What’s happening in your brain when you hear a good story?

A great story can leave you blissfully unaware of your surroundings. How many times have you been engrossed in a book, film or narrative, letting the outside world fade into the background, until a loud noise breaks your focus and, like a spotlight, reality hits?

When a good story enthrals humans, the line between the real and the imaginary world begin to merge. We’re hardwired that way, that is, our brains are biologically programmed to tune into stories.

Now, in our twenty-first-century world, storytelling is a hot topic because of its broader social and commercial implications. As audiences seek interaction and participation, they expect and demand greater engagement.

And that’s a great boon for business.

In a fast-paced, digitally-driven world, humanism is the new premium. Businesses can no longer afford to be faceless entities. They need to connect with their audiences and engage on a deeper level to survive.

That’s where storytelling comes into play. When you can weave together the facts and emotions in a compelling brand narrative, you give your target market more reasons to buy your product or service.

New technologies increasingly stimulate us, banishing boredom and creating a state of hyperactivity. Regardless, we still prefer to respond to stories. Why? Because all meaning starts with your brain.

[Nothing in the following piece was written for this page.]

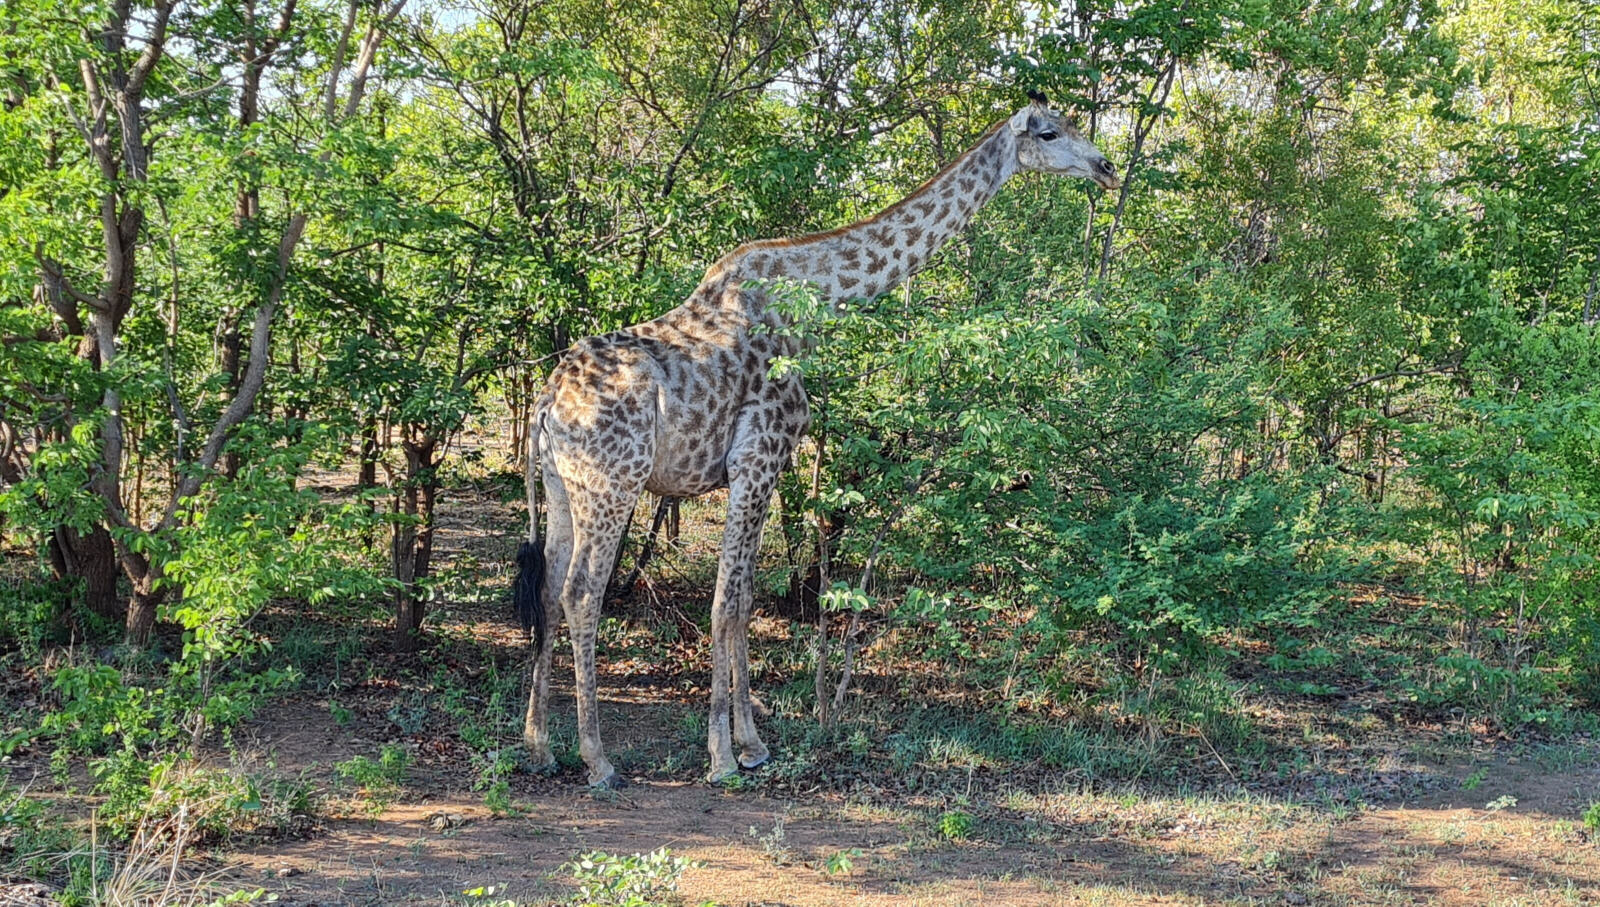 A giraffe by the road near Livingstone, Zambia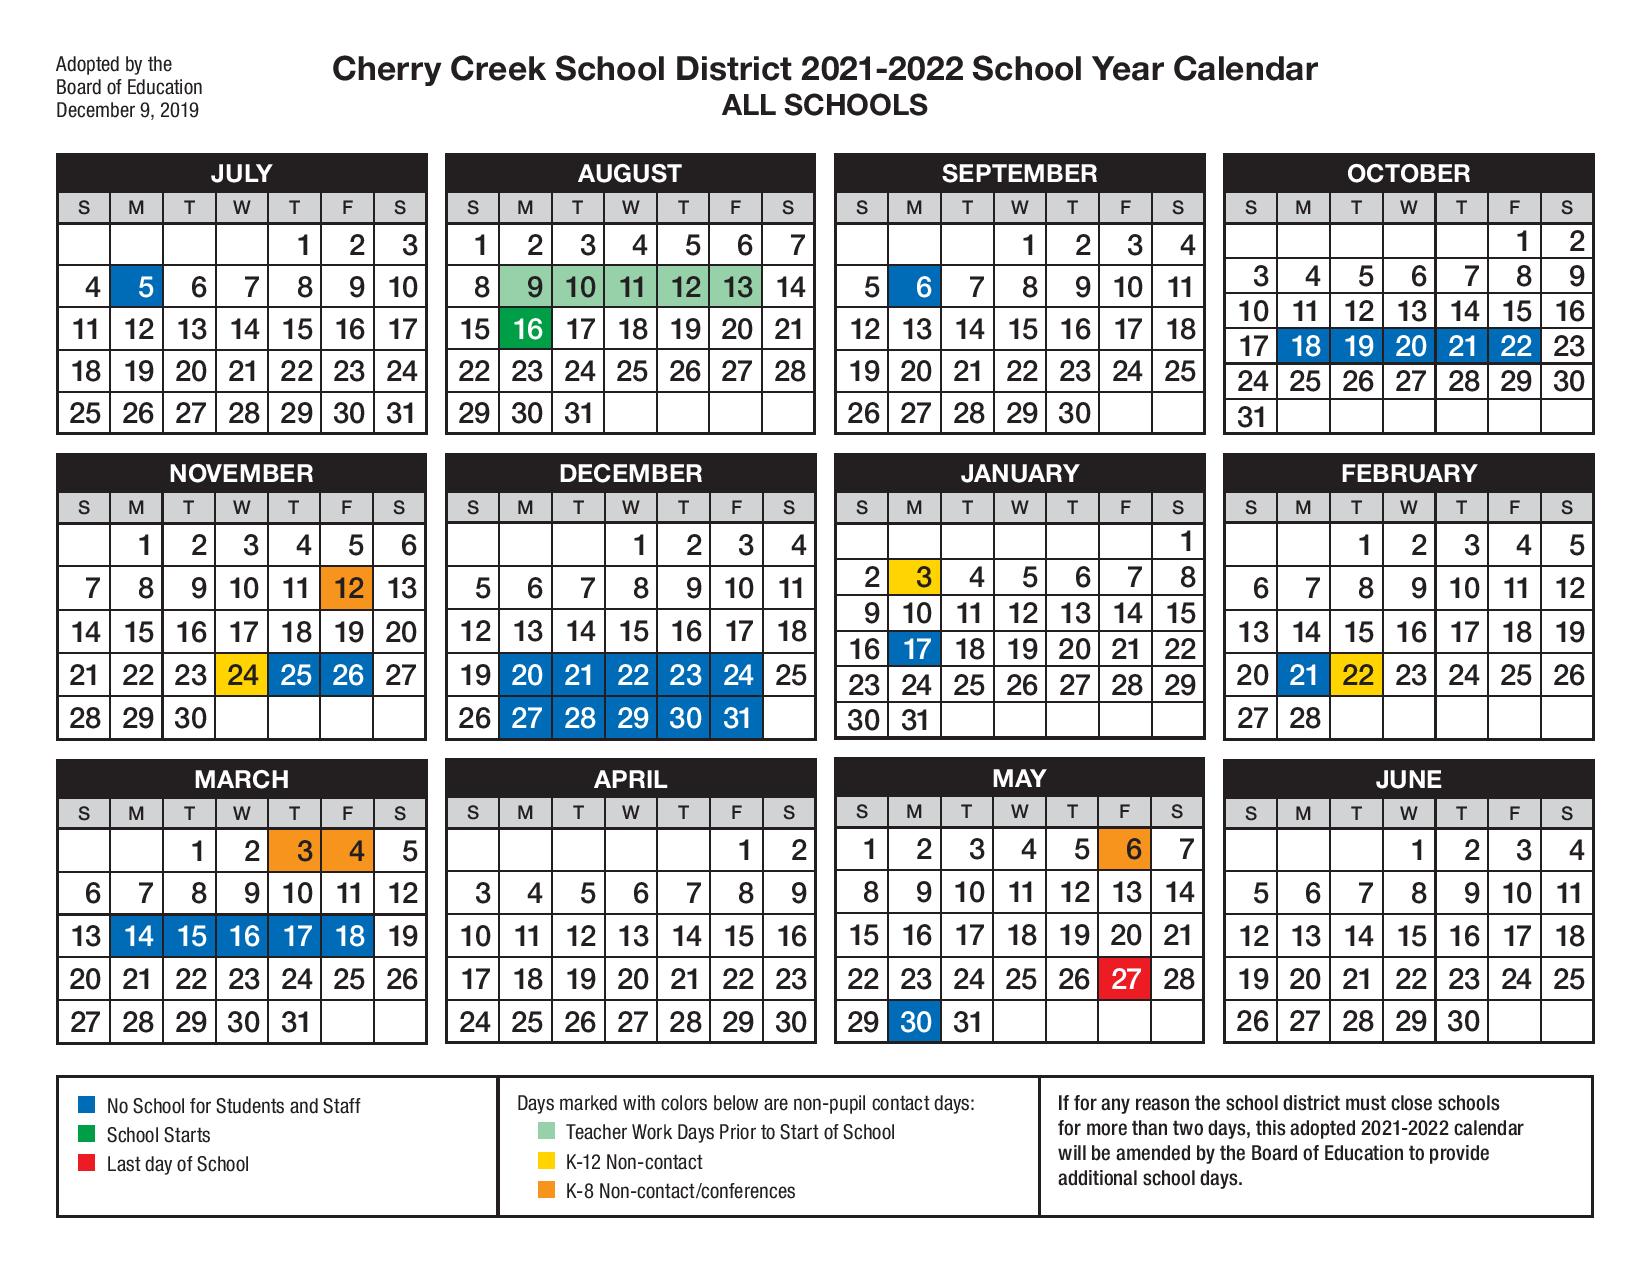 Cherry Creek School District Calendar Holidays 2021 2022

Sales copywriter Melbourne

Neurobiologists know that understanding often begins with a story. Let’s break it down to the basics and let your brain do the work:

  1. Sync with your customers. Listening to a story activates the auditory cortex of your brain. This allows you to create a custom experience from the story, thanks to a handy process called ‘neural coupling.’ Essentially this means that, when you hear a story, your neurons and the storyteller’s brain start firing in the same pattern – creating a synchronous link between you both. When multiple listeners hear the same story, this link coordinates how they will react. 
  2. Target their emotions. A great story will light up more parts of your brain than simple facts, suggesting that your brain reacts as if the tale told were actually happening to you. A well-told tale can also engage additional spheres, including your motor cortex, sensory cortex and frontal cortex.
  3. Change their brain chemistry. The more emotionally captivating a story is, the more it changes your brain chemistry by producing oxytocin (which increases your feelings of generosity, compassion, trust and sensitivity to social situations) and dopamine (which makes it easier to remember what you’ve heard later and with greater accuracy).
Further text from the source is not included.